Roland Barthes [1] wrote in Camera Lucida “Wilson holds me, though I cannot say why, i.e., say where: is it the eyes, the skin, the position of the hands, the track shoes? The effect is certain but unlocatable, it does not find its sign, its name; it is sharp and yet lands in a vague zone of myself; it is acute yet muffled, it cries out in silence.” True, for me at least; my eyes are also directed towards Wilson. Mapplethorpe chose a light-gray background for Glass, positioned slighly further aback. Glass almost fades into the backpanel. His skin and shirt tones match that of the background, his dark boots have similar tonal value as the floor. Wilson on the other hand stands out from the plain white background. Dark clothes on pristine white, pristine white trainers on a dark floor. This bias towards Wilson is further emphasised by the white backpanel being slightly larger than the gray backpanel, and Glass leaning towards Wilson. Wilson’s dark clothes, detached straight pose, and facial expression, certainly make him appear more enigmatic. If I squint my eyes, I can almost make out a halo! I can’t be sure if this imbalance, my auto-focus on Wilson, was intended by Mapplethorpe, or is merely a consequence of working the differences between the two. It’s tricky to keep scales balanced, putting equal weight on both sides.
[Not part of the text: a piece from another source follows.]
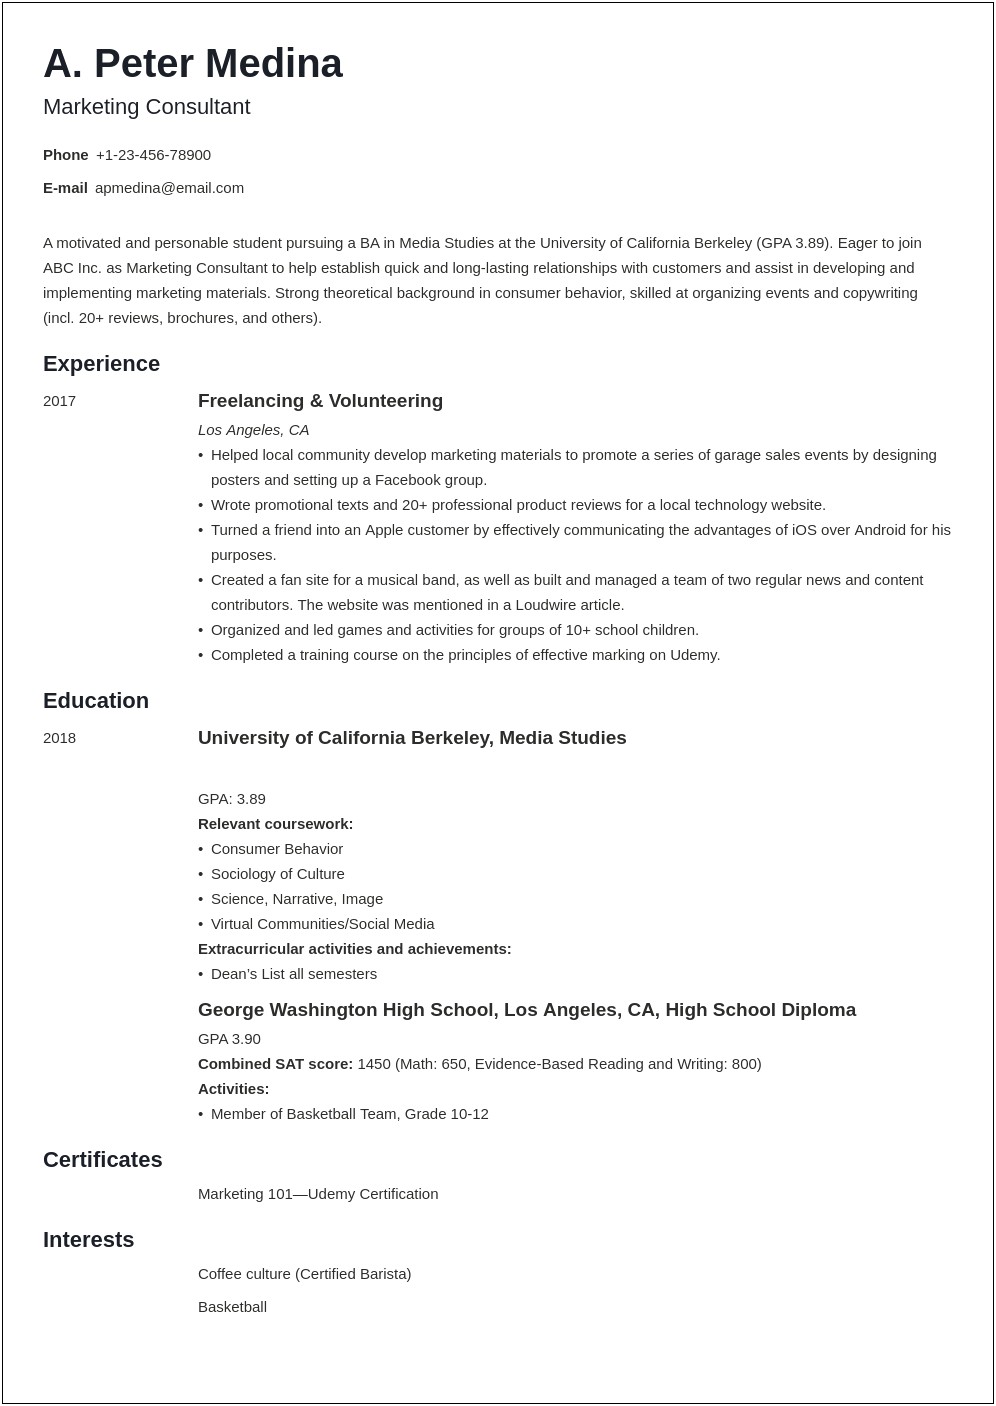 Career Objective For High School Student Resume

Cooking with given Ingredients

Below, a recent portrait of Glass and Wilson taken by Georgia Oetker in 2008. Let’s assume this is a fairly casual portrait, not overly staged. Wilson, still the more trendy of the two, wearing dark clothes. Glass, casual, in light shirt and jeans.

(c) Georgia Oetker: Philip Glass and Robert Wilson, 2008.

I’d like to think that Mapplethorpe didn’t tell them what to wear back in 1976. The genius of Mapplethorpe then, was to spot the difference between the two, the contrast that was already there, a natural given, and to enhance this contrast by introducing a subtle play between differences and similarities, closeness and opposition, symmetries and asymmetries. Just like a good chef, he would cook a tasty dish from simple, basic, given ingredients. A quiet picture, taken by a master of his craft. No marching band or fancy mirror-balls here. Hopefully, you’ll agree with some of my observations and musings. Hopefully, I’ll have managed to whet your appetite? The appetite to sometimes look closer at why you like a certain photograph; maybe because of its composition? Because, once you find your why, this picture will be special to you.

[1] Roland Barthes, Camera Lucida – Reflections on Photography, Fontana Paperbacks,1988.